The effect of substrate diameter and incline on locomotion in an arboreal frog

Despite the huge advances conferred by studies of locomotion in controlled conditions, more and more researchers are beginning to understand the value of investigating locomotion in ecologically pertinent contexts (Irschick and Garland, 2001; Biewener, 2002; Daley and Biewener, 2006). In nature, variation in surface characteristics is ubiquitous and these variations are non-negligible, especially for small animals where even seemingly minor obstacles or variations in substrate properties may affect locomotion (Irschick and Jayne, 1999; Vanhooydonck et al., 2005; Hyams et al., 2012). For arboreal animals, variation in substrate diameter and incline are two obvious sources of variation that are known to affect locomotor performance and may have profound effects on performance and fitness (e.g.
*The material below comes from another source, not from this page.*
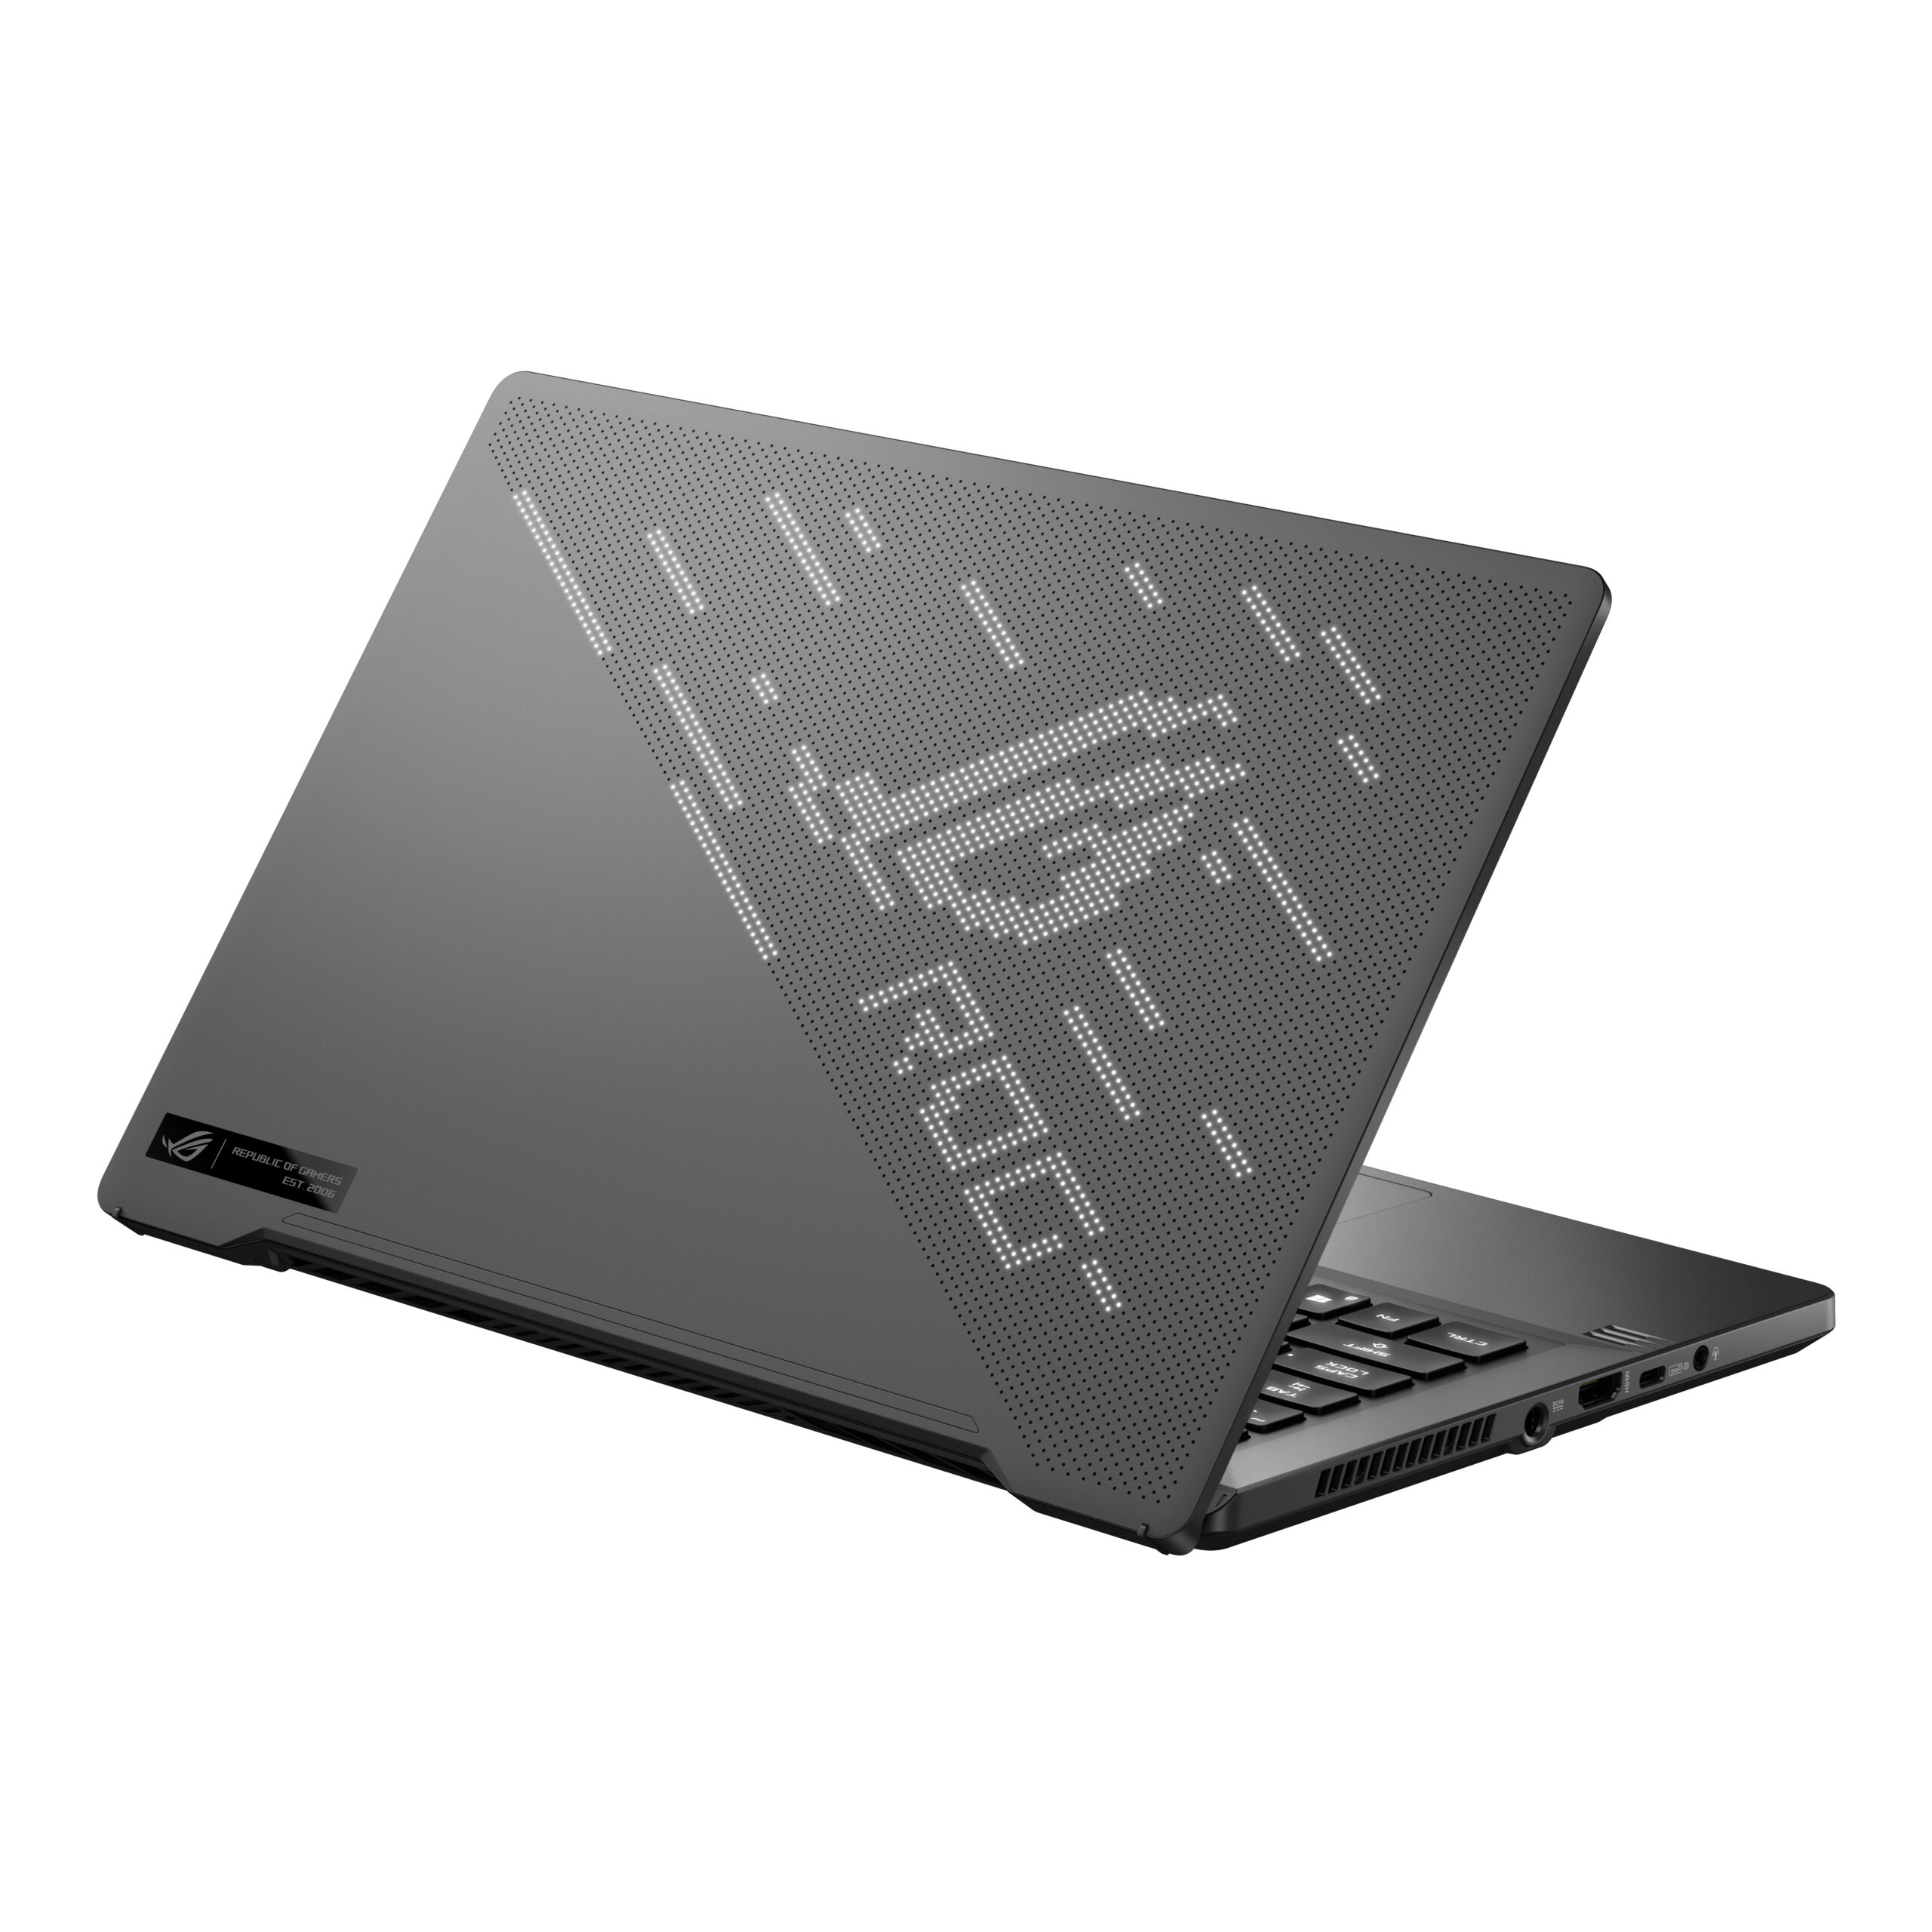 CES 2020: ASUS ROG Zephyrus G14 and G15 Gaming Laptop 12

Higham and Jayne, 2004; Spezzano and Jayne, 2004; Foster and Higham, 2012). For example, variation in morphology associated with habitat use as the result of selection on locomotor performance on branches of different diameters (Losos and Sinervo, 1989; Vanhooydonck et al., 2006) has driven the unique fourfold radiation of ecomorphs on the islands of the Greater Antilles (Losos, 2009). Similarly, it has been demonstrated that chameleons living in habitats characterized by different substrate diameters show different morphologies and levels of performance (Herrel et al., 2011; Herrel et al., 2013). Effects of incline have also been investigated in some detail and the majority of studies have indicated significant effects of incline on the kinematics of locomotion in a variety of taxa (e.g. Irschick and Jayne, 1998; Irschick and Jayne, 1999; Spezzano and Jayne, 2004). These differences are often related to the need of an animal to move against gravity when moving up an incline, thus soliciting the forelimbs to a greater degree in producing propulsive forces (Zaaf et al., 2001a; Zaaf et al., 2001b; Foster and Higham, 2012).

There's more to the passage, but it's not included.